Acquisition Agreement

  • Kinross is purchasing 100% of the "Acquisition Properties" (see deal map) which sandwich the Great Bear project and cover a total of 2,637 hectares.
  • The consideration payable by GBR pursuant to the Acquisition is: (i) CAD$1,550,000 in cash, with CAD$1,250,000 due immediately on closing (Feb 22, 2023) and an additional CAD$300,000 due on the one-year anniversary of the closing date, and (ii) GBR issued to the Company a variable 1.5% - 2.5% NSR royalty on the Acquisition Properties (see New Royalties map).
  • BTU will maintain any existing third-party royalty buy-back rights in respect of the Acquisition Properties (see Royalty Buyback map).

Option Agreement

  • Kinross has the right to acquire an undivided 70% interest in the "Optioned Properties" (see deal map), covering a total of 16,410 hectares
  • Kinross is committed (whether they choose to drop the option or not) to making CAD$2,700,000 in expenditures on the Optioned Properties within 36 months of the effective date of the Agreement (Feb. 22, 2023)
  • Kinross must make a further CAD$2,000,000 of expenditures within 48 months of the effective date of the Agreement (a total of CAD$4,700,000) to acquire 70% interest
  • Upon exercise of the option the parties will form a joint venture agreement with BTU owning 30% of the project
  • If Kinross does not exercise the option within 48 months BTU will retain 100% of the Optioned Properties
  • BTU retains any underlying royalty buyback rights

Subscription Agreement

  • The Company has entered into a subscription agreement with Kinross for gross proceeds of approximately CAD$1,250,000 million in an arms-length private placement (the “Private Placement”) of its common shares (the “Common Shares”), comprised of 25,000,000 Common Shares at a purchase price of CAD$0.05 per Common Share.
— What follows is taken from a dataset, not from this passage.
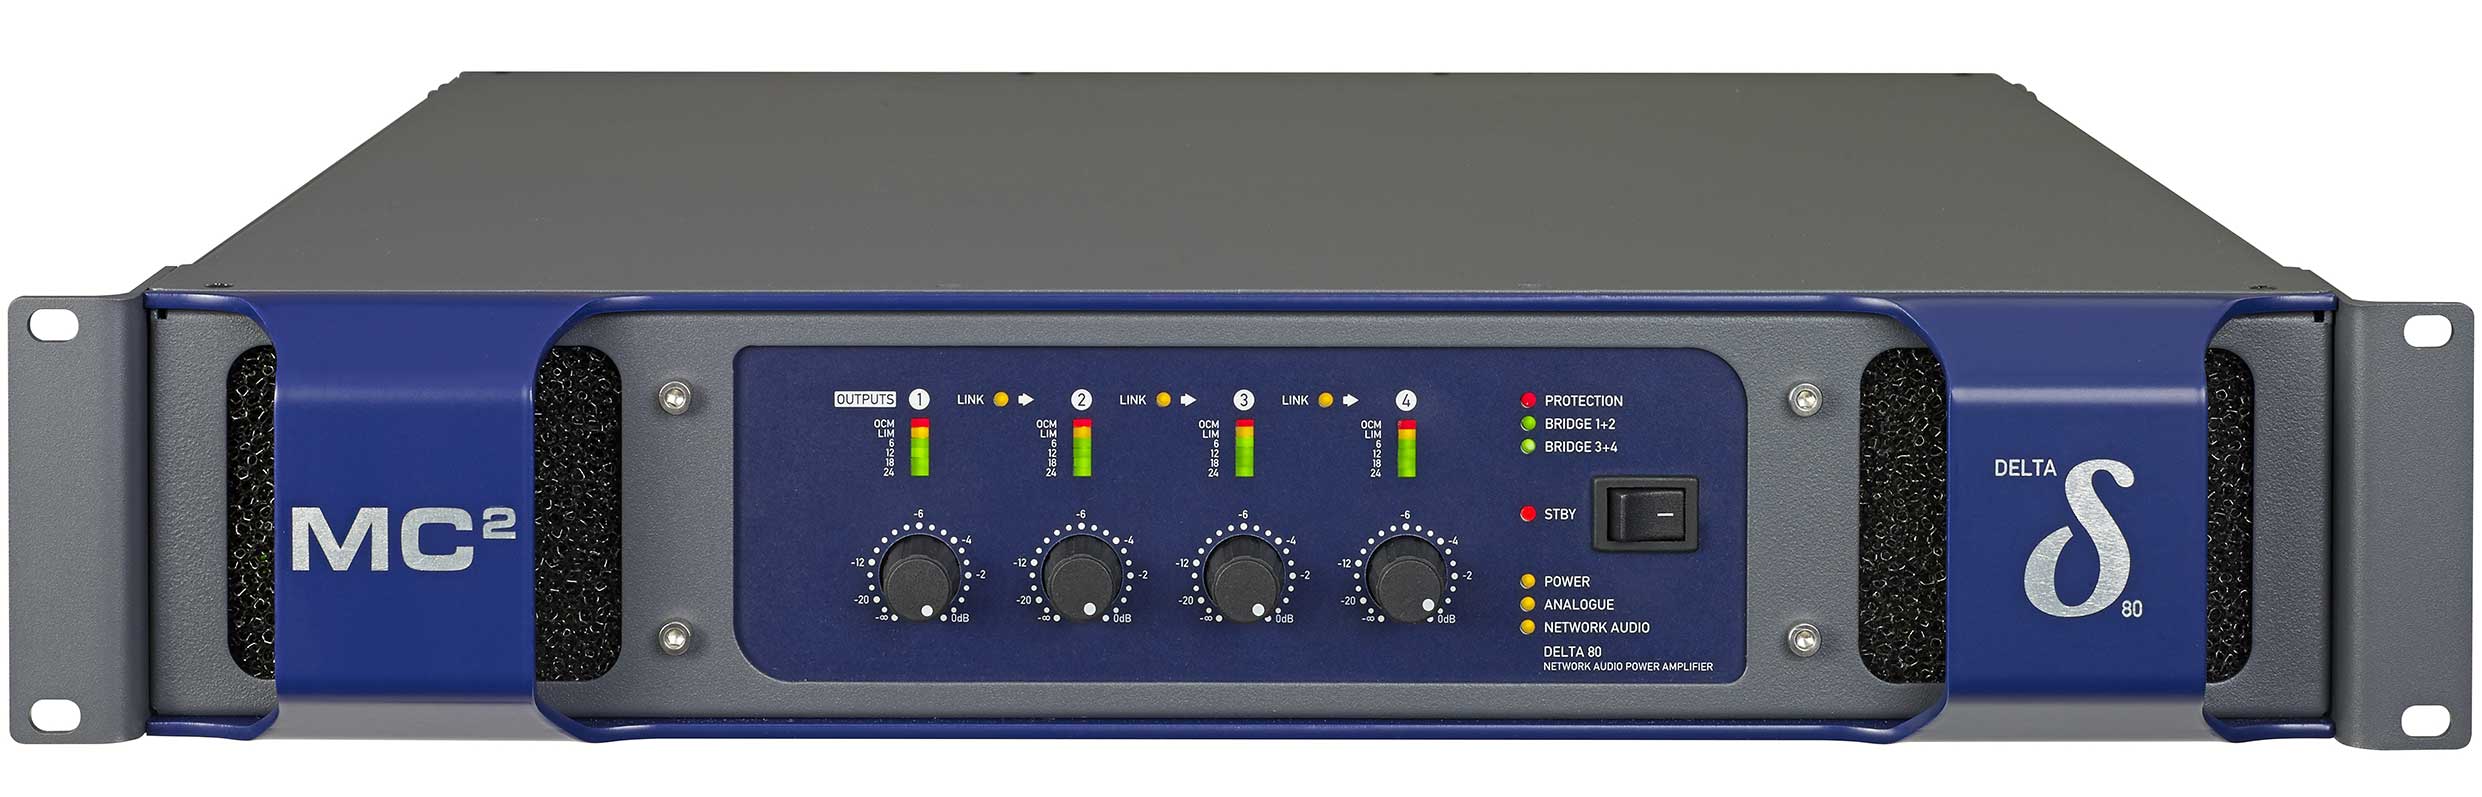 Delta-Series Amplifiers

The net proceeds of the private placement will be used by the Company for investments, general and working capital purposes.
  • The Private Placement closed on February 22nd, 2023, subject to the satisfaction of customary closing conditions, including the final approval of the TSX Venture Exchange (the “TSX-V”). Kinross became an insider of the Company upon the closing of the Private Placement, and holds 25,000,000 Common Shares, representing 17.5% of the issued and outstanding Common Shares.
  • The Common Shares will have a hold period of four months and one day from the closing date of the Private Placement.